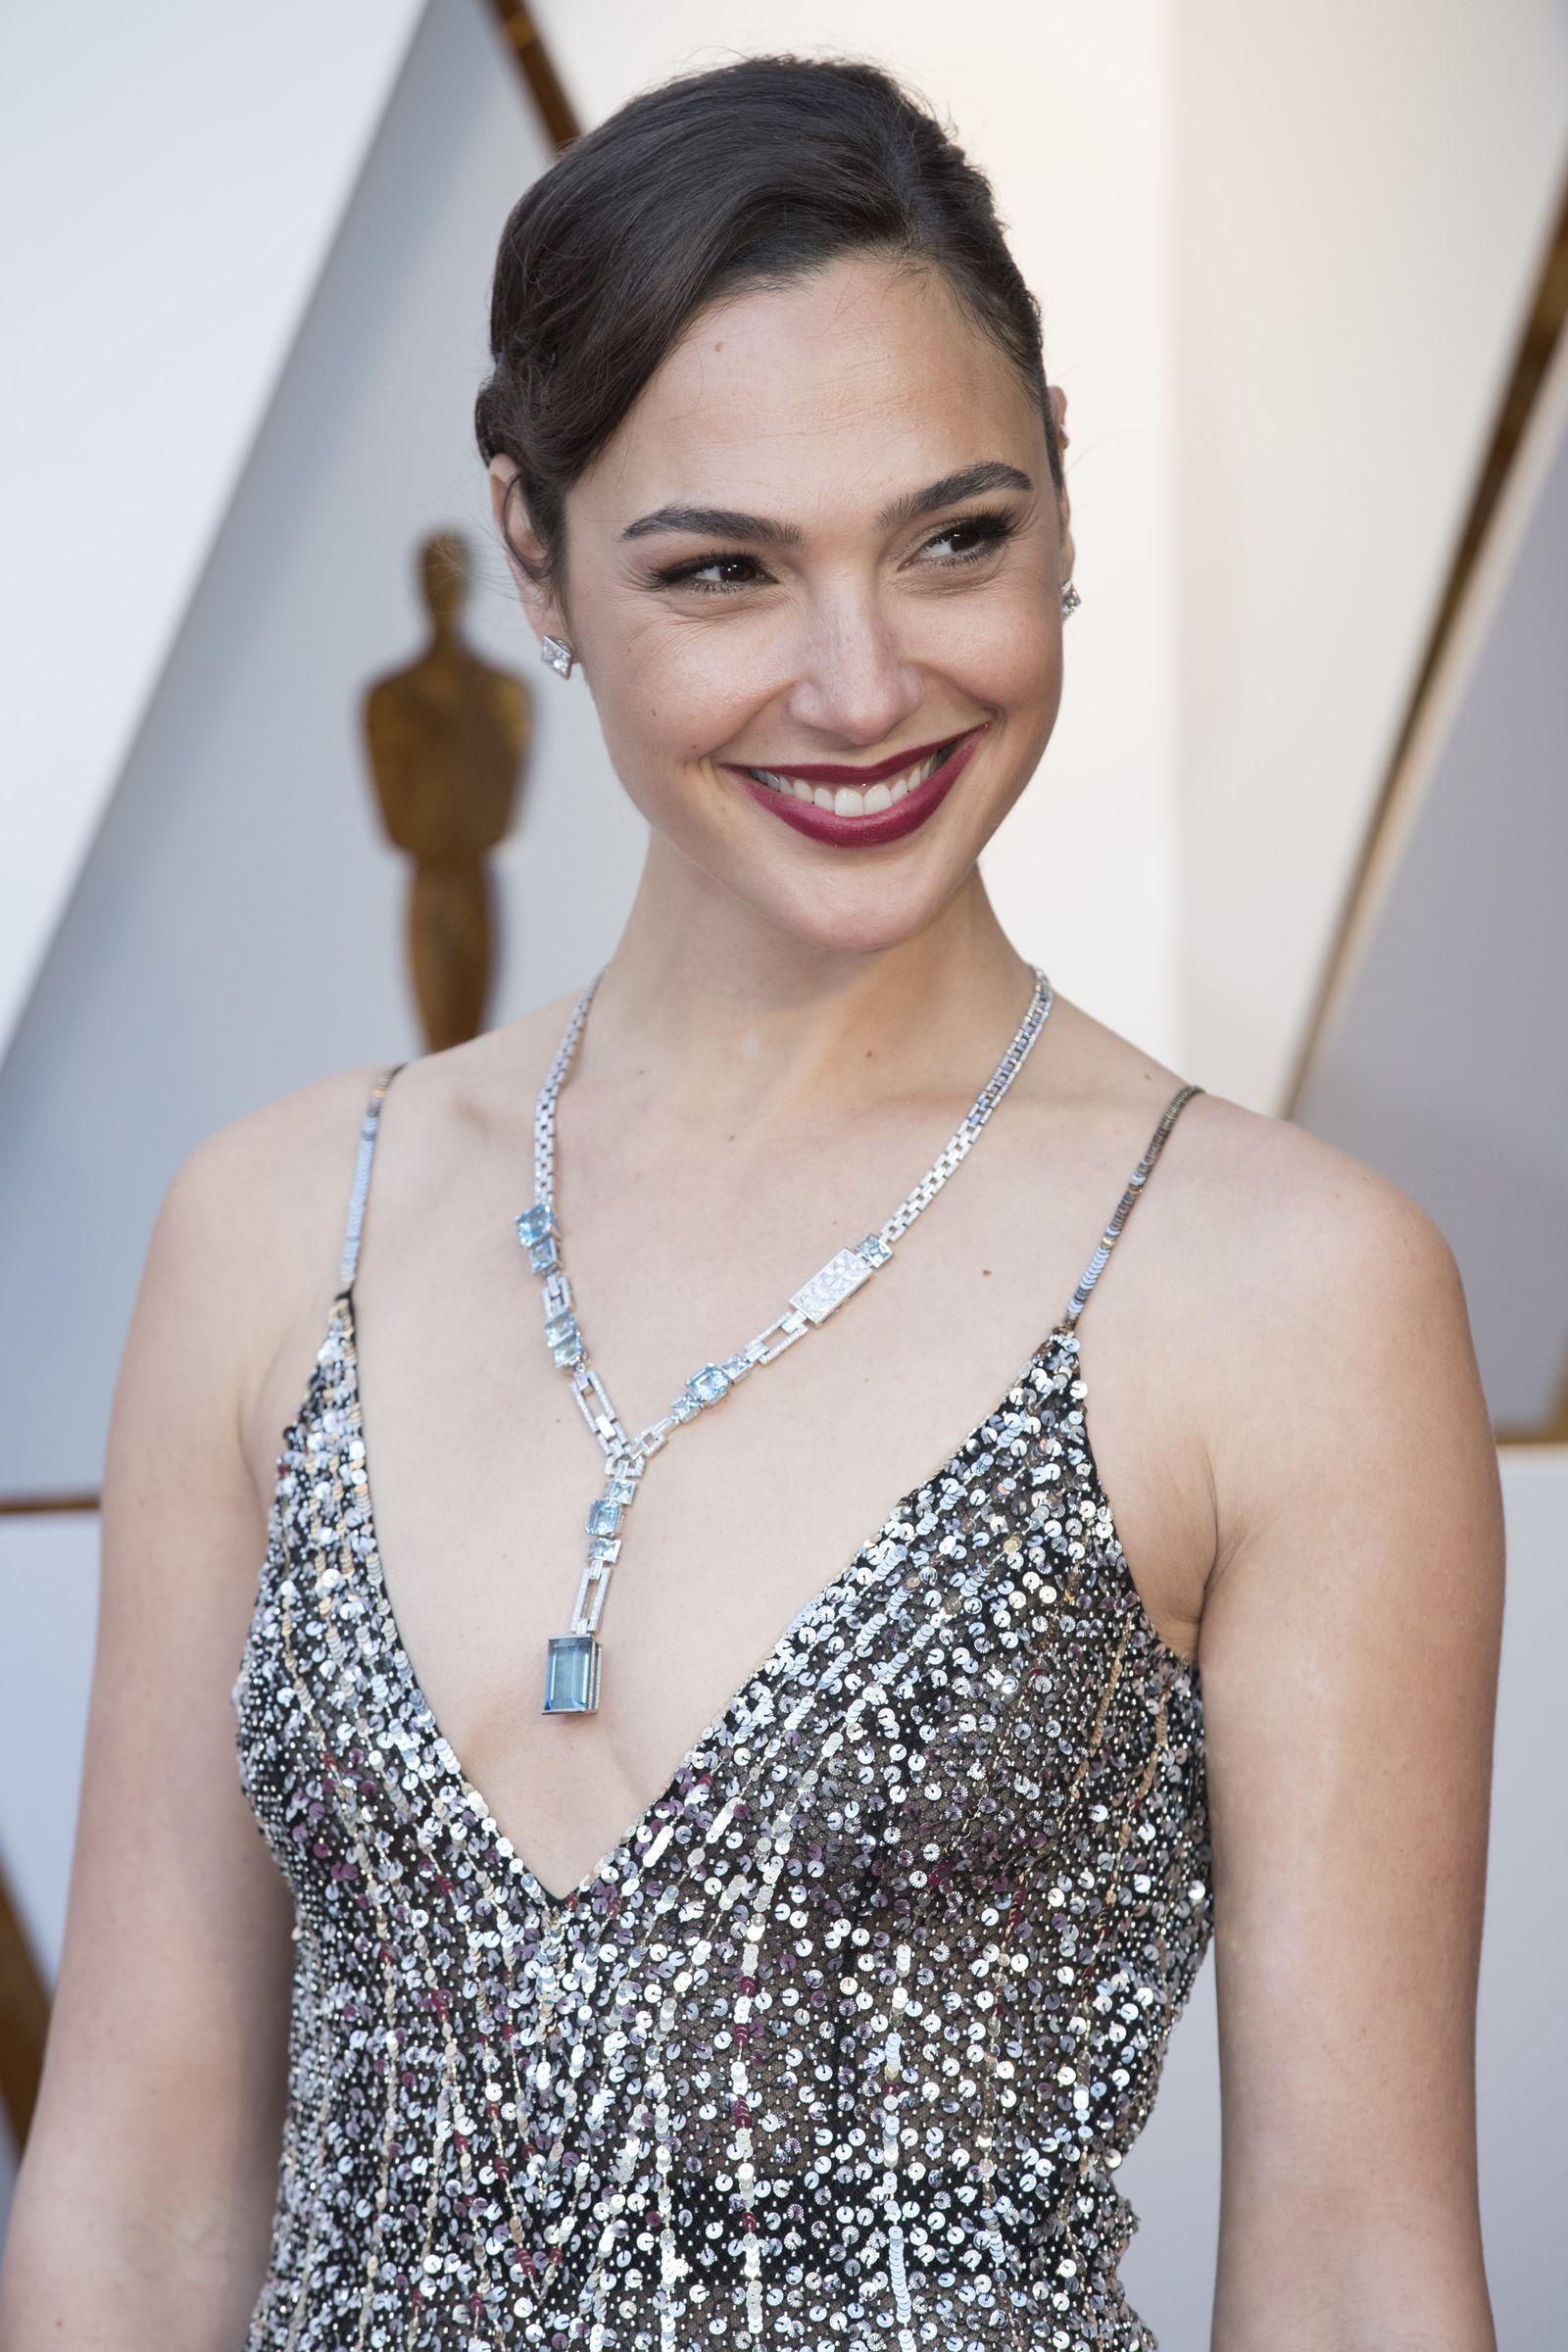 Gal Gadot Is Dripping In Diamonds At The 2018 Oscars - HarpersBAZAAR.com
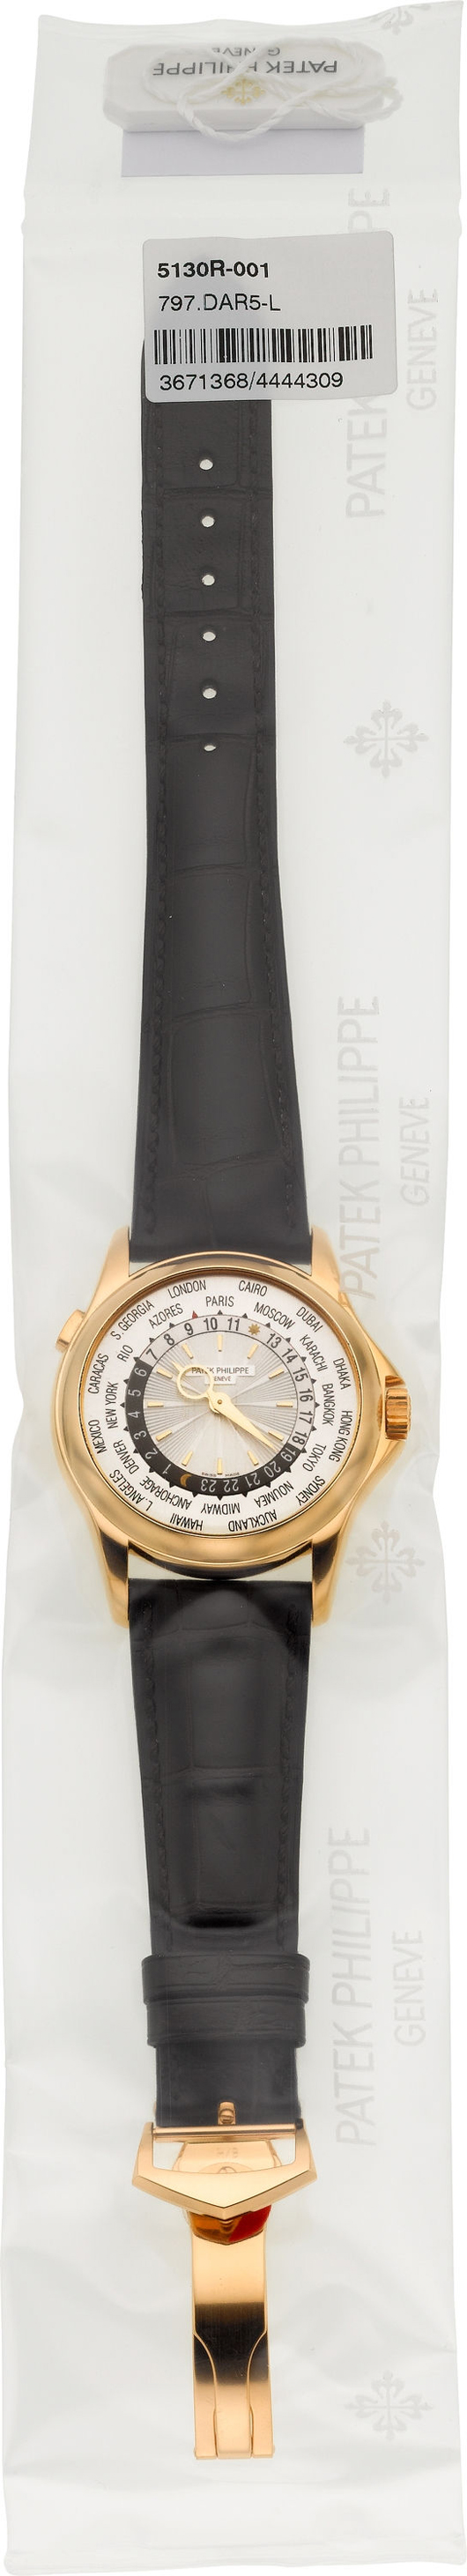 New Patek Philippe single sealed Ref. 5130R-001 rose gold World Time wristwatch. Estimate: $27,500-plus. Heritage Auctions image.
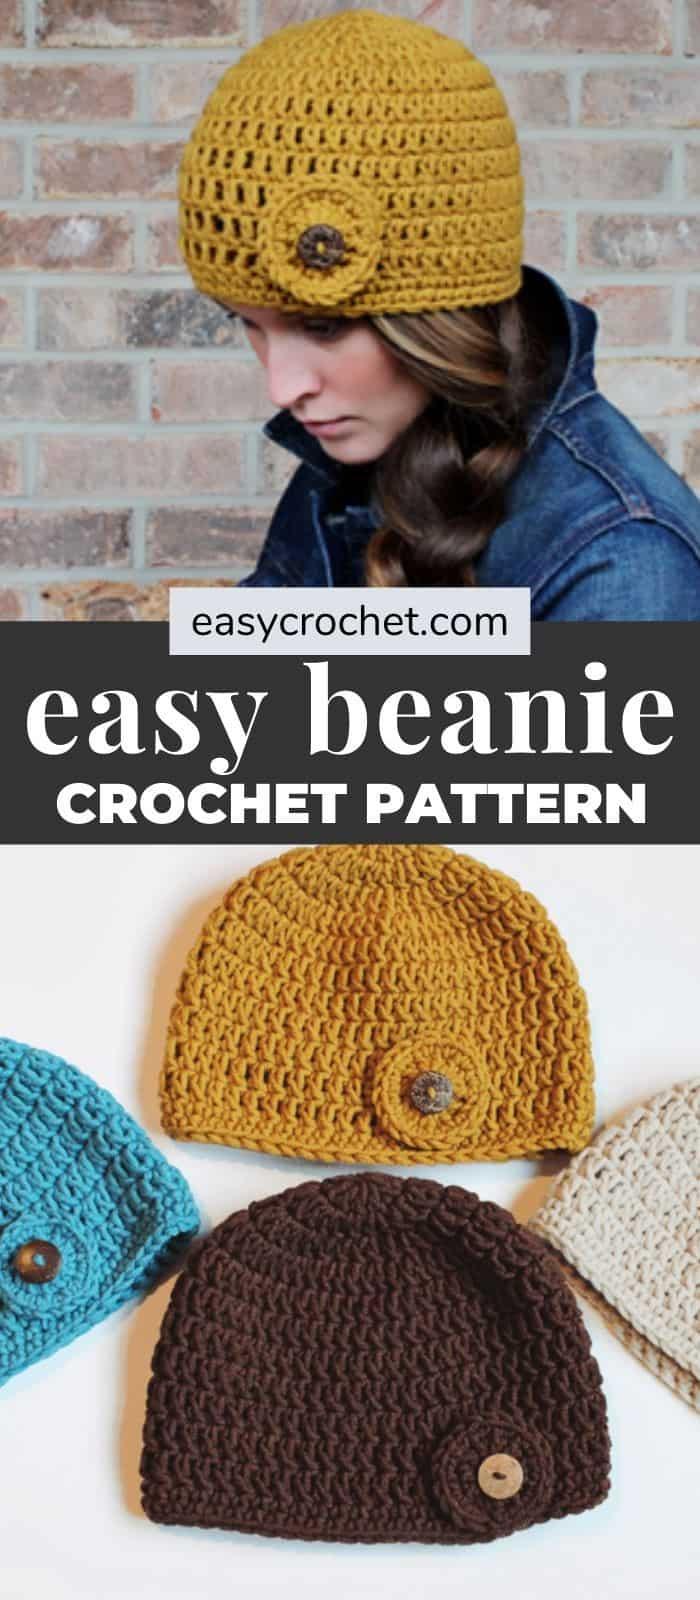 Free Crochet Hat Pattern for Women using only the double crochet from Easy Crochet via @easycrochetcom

- - - - -

Task description
From the data above, write out everything exactly except the pictures.

Worked solution
 Gal Gadot Is Dripping In Diamonds At The 2018 Oscars - HarpersBAZAAR.com
 New Patek Philippe single sealed Ref. 5130R-001 rose gold World Time wristwatch. Estimate: $27,500-plus. Heritage Auctions image.
 Free Crochet Hat Pattern for Women using only the double crochet from Easy Crochet via @easycrochetcom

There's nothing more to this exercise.